▸ The problem:
Would you give the listing back word for word once its pictures are removed?

▸ Data extract:
-- Opening Marker --

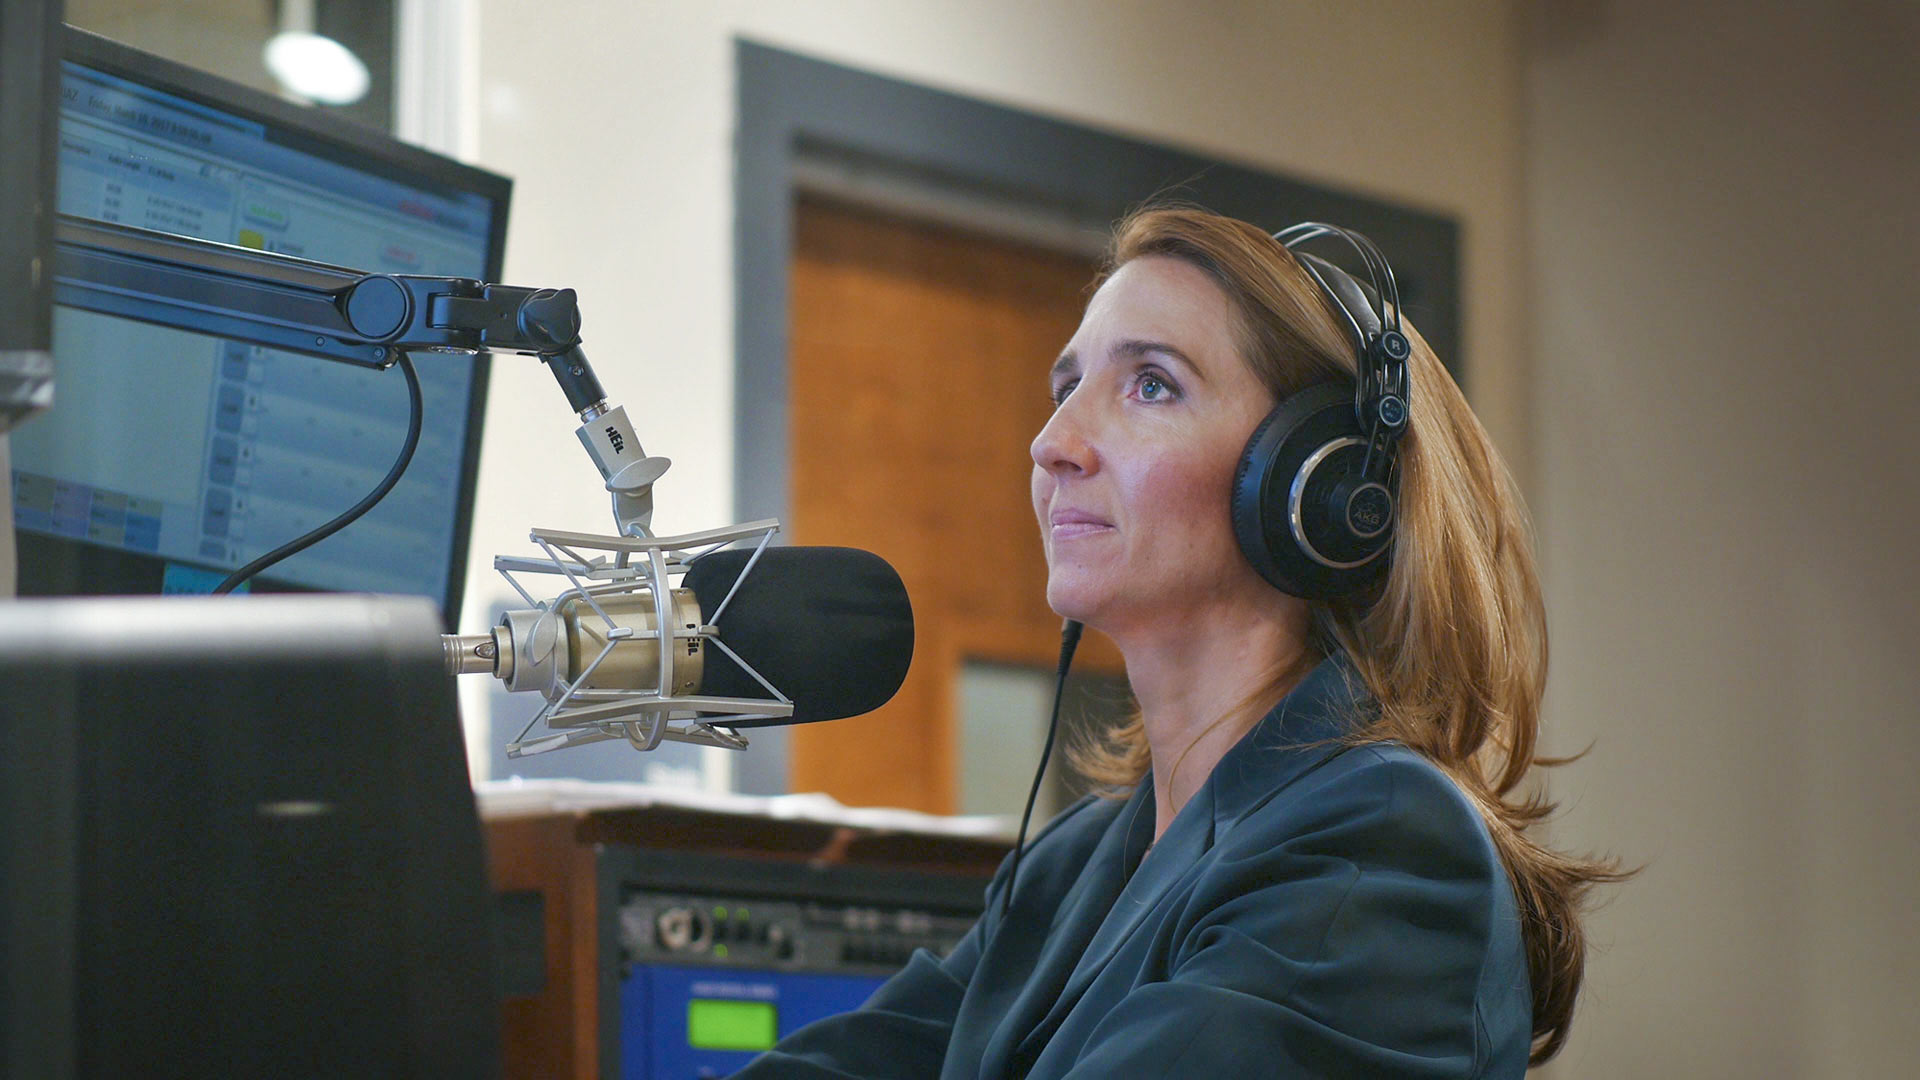 NPR 89.1 Morning Announcer, Nicole Cox on the air.
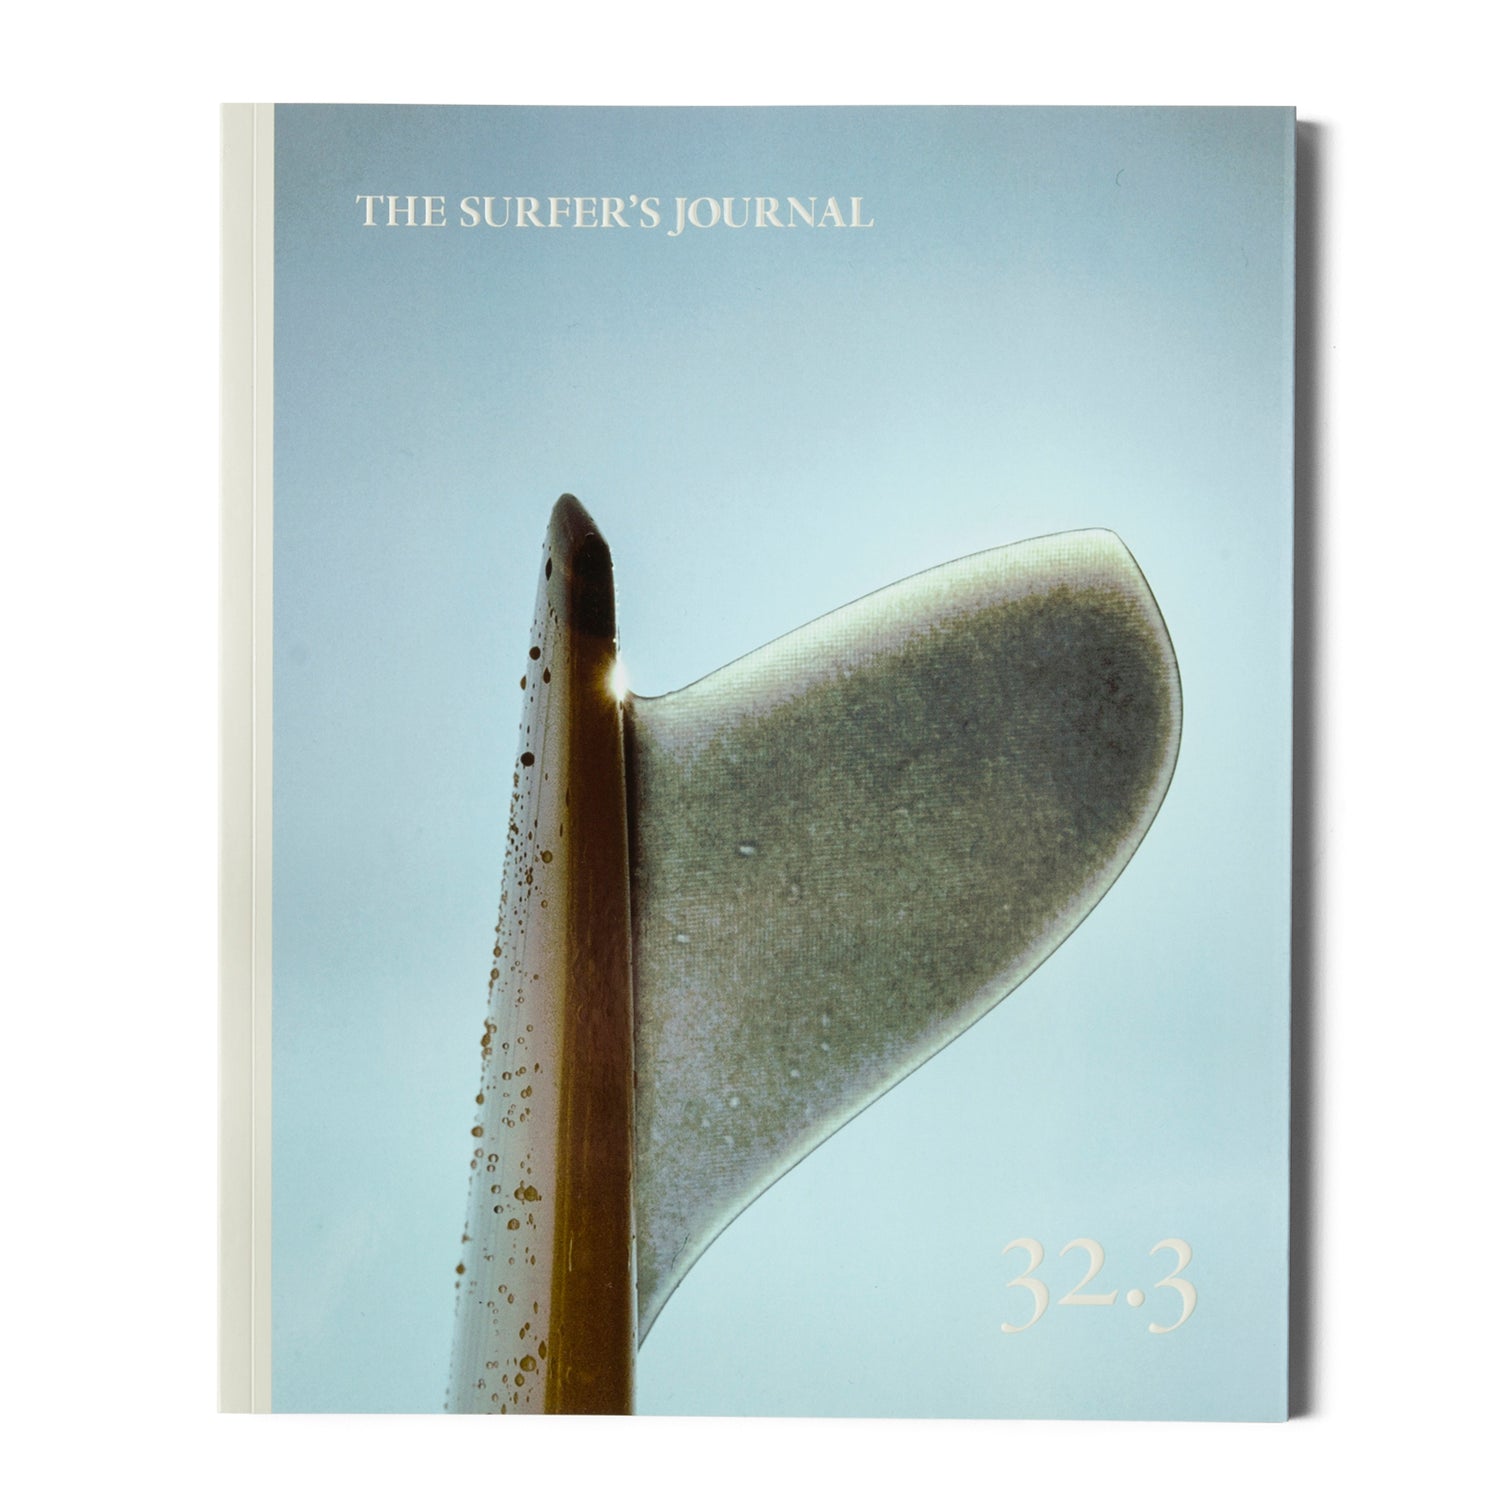 THE SURFER'S JOURNAL 32.3. - REBEL FIN CO.
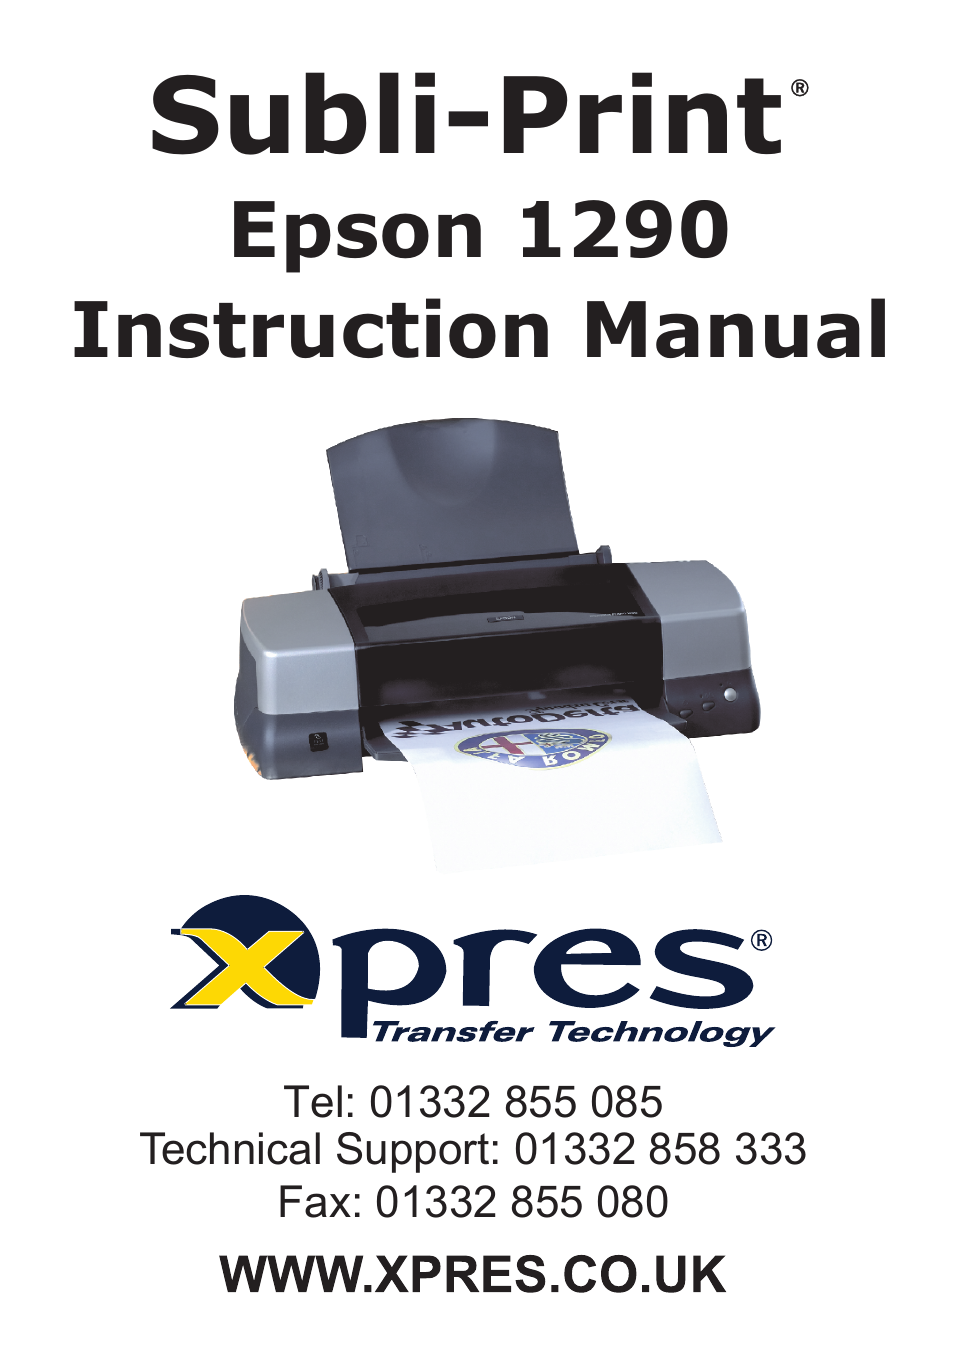 Subli-Print Epson 1290: Manual

-- Closing Marker --

▸ Reply:
 NPR 89.1 Morning Announcer, Nicole Cox on the air.
 THE SURFER'S JOURNAL 32.3. - REBEL FIN CO.
 Subli-Print Epson 1290: Manual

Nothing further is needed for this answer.